Some experts such as Richard Koch have applied 80/20 analysis more widely. They argue that 80% of the productive value in any enterprise is delivered by a tiny minority of the workforce. In more fluid markets, such as competitive sports, this discrepancy is rewarded by the market in the form of a steep pyramid of rewards, with lucrative pay checks for the elite and minimum age for the mass. In a large multi-divisional corporation, the value provided by each individual may be much harder to calculate. Nonetheless it is important for any business to accurately assess and effectively deploy the human resources at its disposal and 80/20 analysis can play a key role in identifying the real "rain makers" in any office.

5S Lean Management

The 5S system can be applied not just in Japanese factories but in the typically cluttered Western workplace. There is great fluidity and benefit from precision and order in any workspace and the tenets of 5S offer a powerful framework for efficient work flow management.

The first phase of "5S lean" is Sorting, which involves separating the wheat from the chaff and eliminating all unnecessary items. This is followed by Simplifying, where all items should be placed in a discrete home that maximises work flow. This phase is often summarised by the mantra "A place for everything and everything in its place". Lean thinking focuses on the totality of the process flow and the elimination of bottlenecks, and optimising the physical placement of resources helps achieve this.

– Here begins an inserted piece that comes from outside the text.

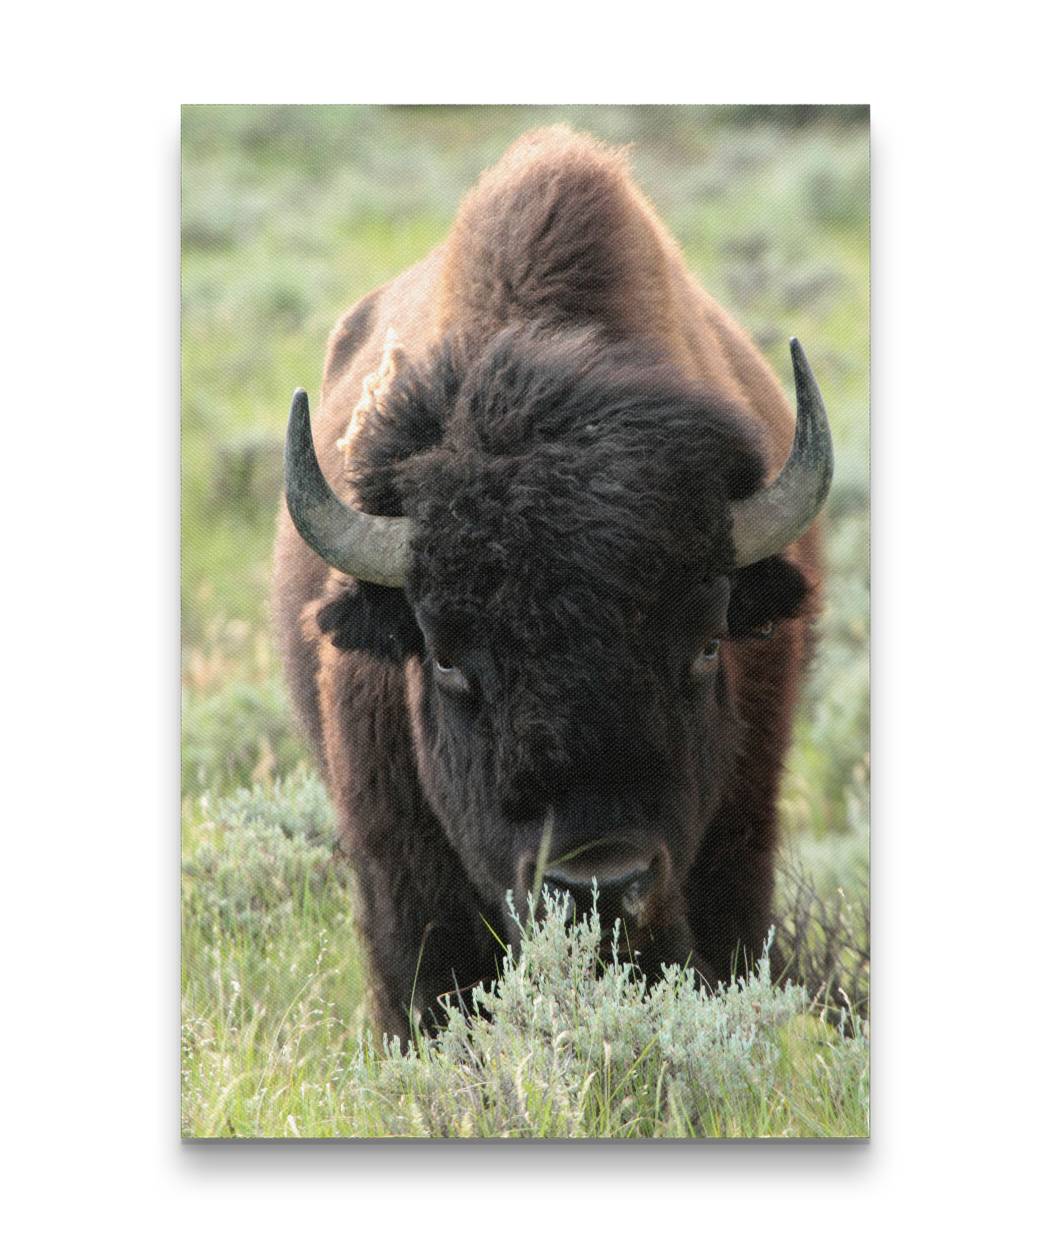 American Bison on Prairie, American Prairie Reserve, Montana

Next, the work area should be kept clean through Sweeping. Perhaps the best example in a modern office environment is a "clean desk policy" that must be applied at the end of the working day. Each workplace should be given standard written operating procedures and finally the gain must be sustained. A short burst of enthusiasm for 5S lean thinking during an annual tidying exercise is of no use if the discipline is not consistently maintained on a daily basis. Any Six Sigma yellow belt program needs perseverance and determination to succeed.

This is where lean tools and ideas have to make the conceptual leap from practical methods that people use, to being part of a deep underlying culture of quality. This can be assisted by integrating a "visual factory" into the workplace, so that Yamazumi Boards and Kanban signals are a permanent and inescapable visual reminder of quality. Yet cultural change, as Deming and so many other quality experts realised, is of course the hardest form of change to realise.


More Lean Tools

Many other lean tools can be easily applied in any workplace, from process analysis and value chain mapping to the use of Ishikawa or "fishbone" diagrams for root cause analysis. Most businesses would benefit from a Failure Modes and Effect Analysis, or FMEA. This should not be the province of aerospace engineers! Equally the "theory of constraints" (Goldratt) should have a much wider application than the factory floor. Effective time management is of course essential to make all of these ideas work. Some of these lean tools will be explained more fully in future hubs.